Output the data below exactly, images excluded.

Given material ▸
______________________________
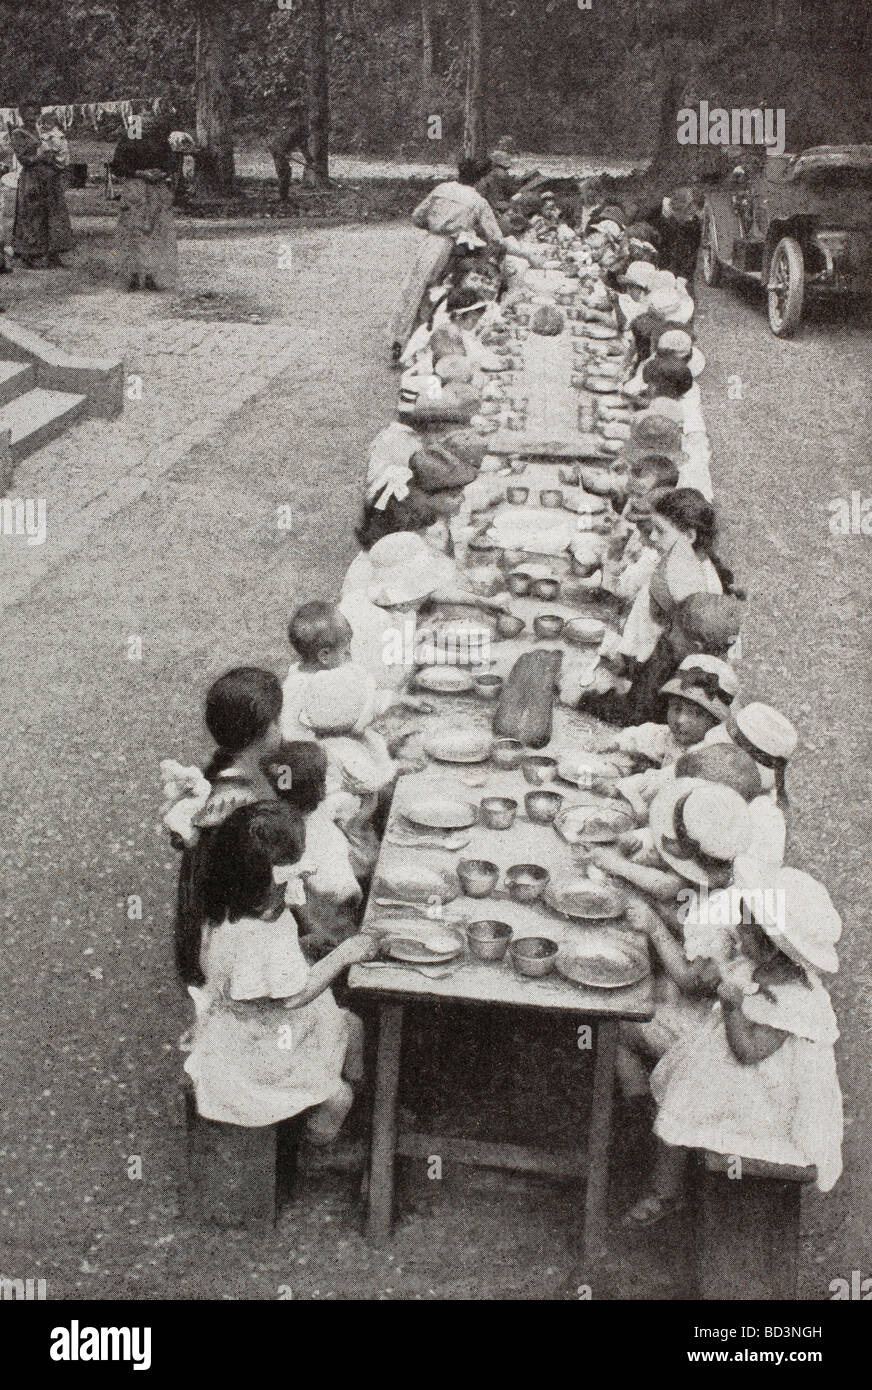 Orphans and refugee children being fed at the chateau de Grand Val in Sucy en Brie France during the First World War. Stock Photo
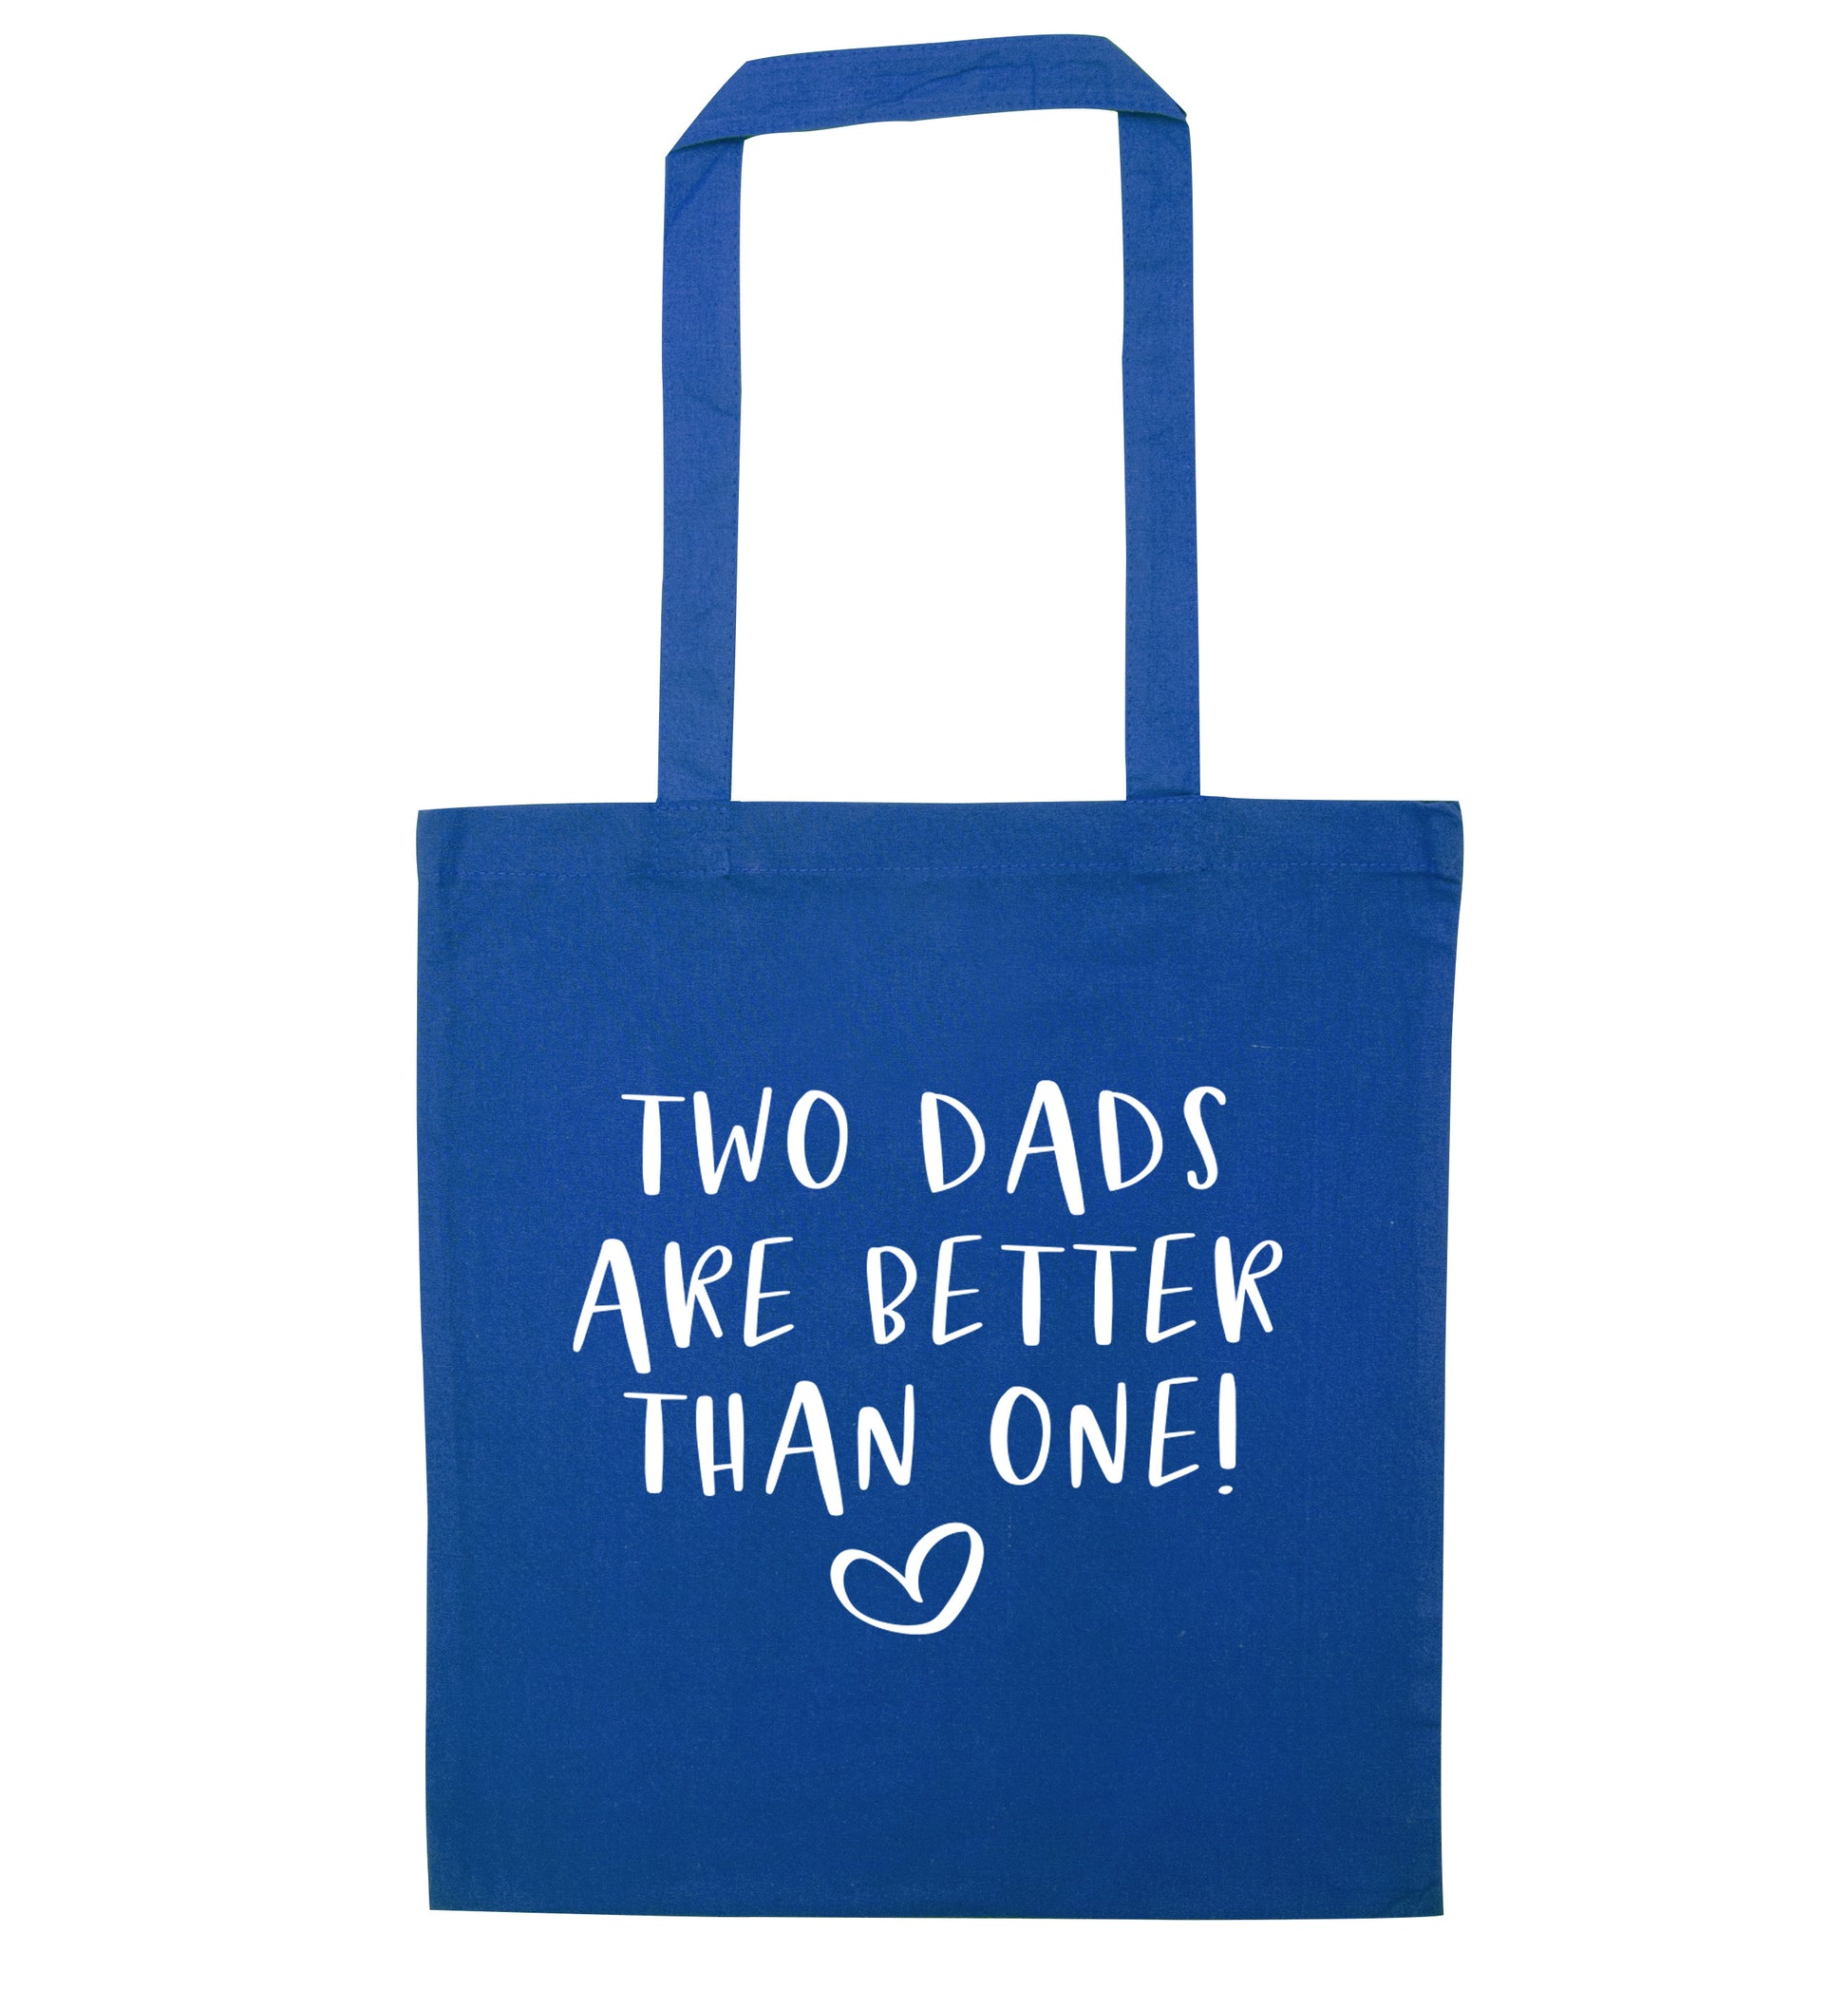 Two dads are better than one blue tote bag
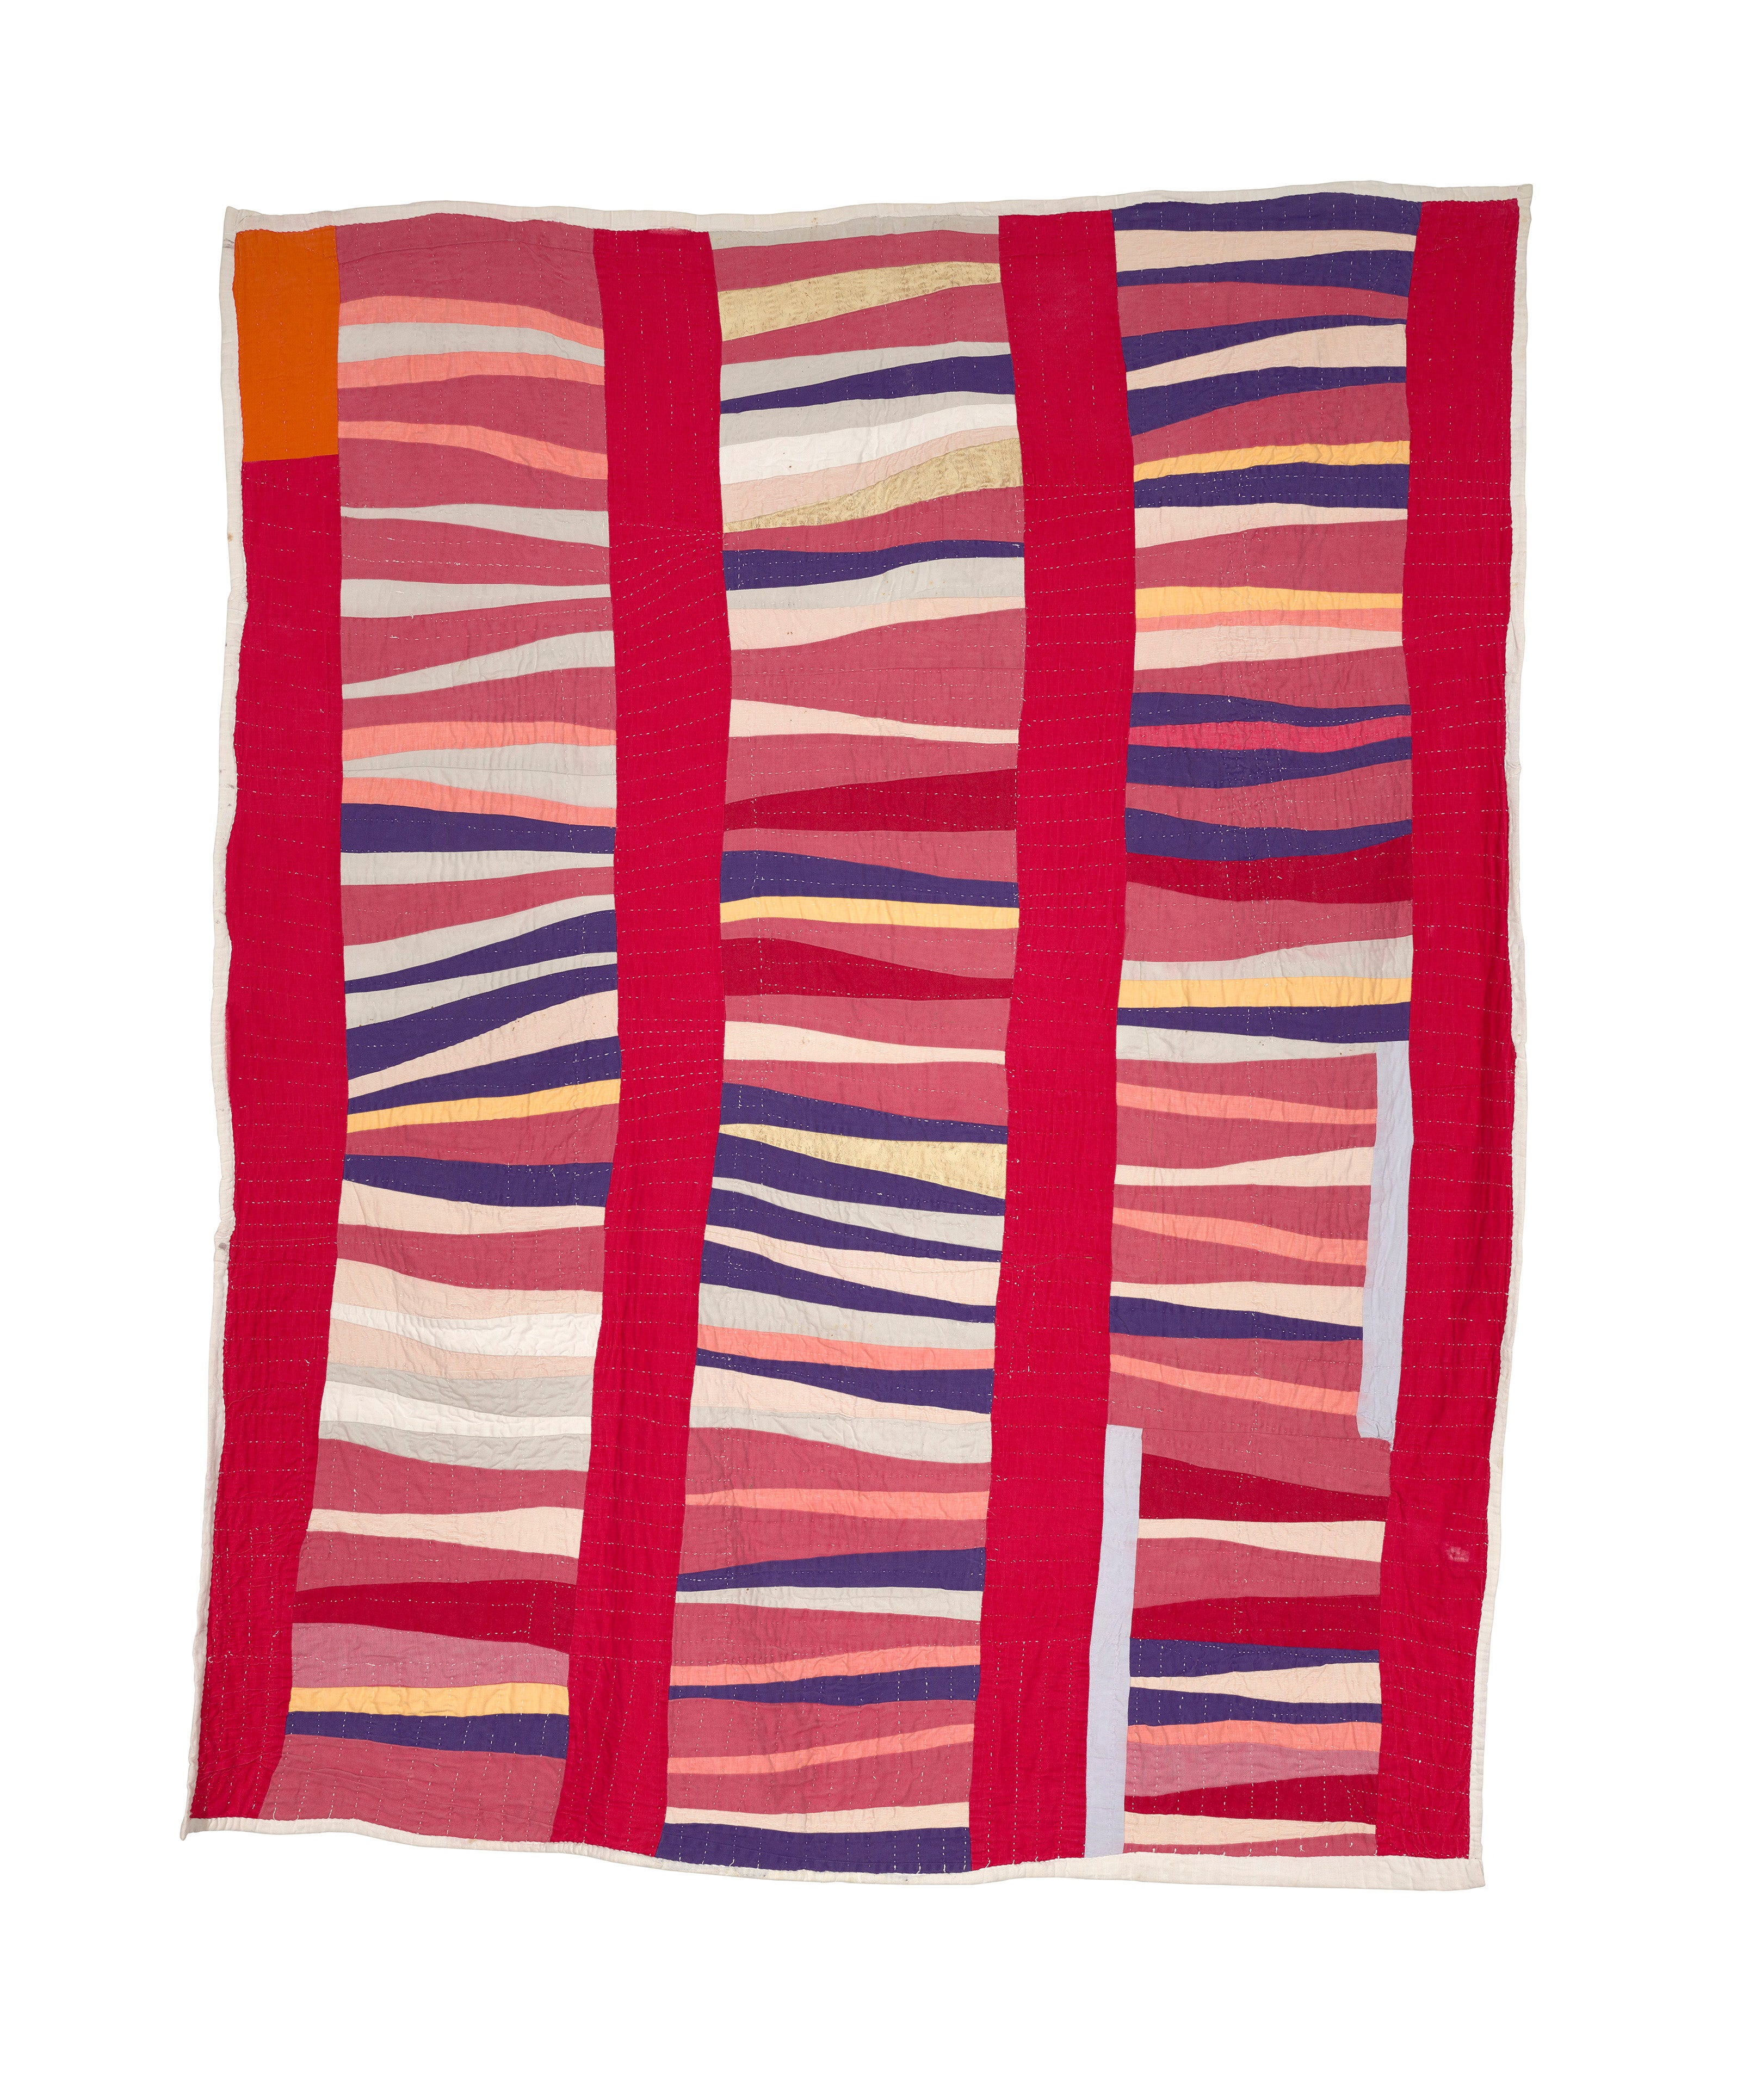 Geometric quilt in red, blue, orange, yellow, pink, and white
______________________________
Exercise response ▸
 Orphans and refugee children being fed at the chateau de Grand Val in Sucy en Brie France during the First World War. Stock Photo
 Two dads are better than one blue tote bag
 Geometric quilt in red, blue, orange, yellow, pink, and white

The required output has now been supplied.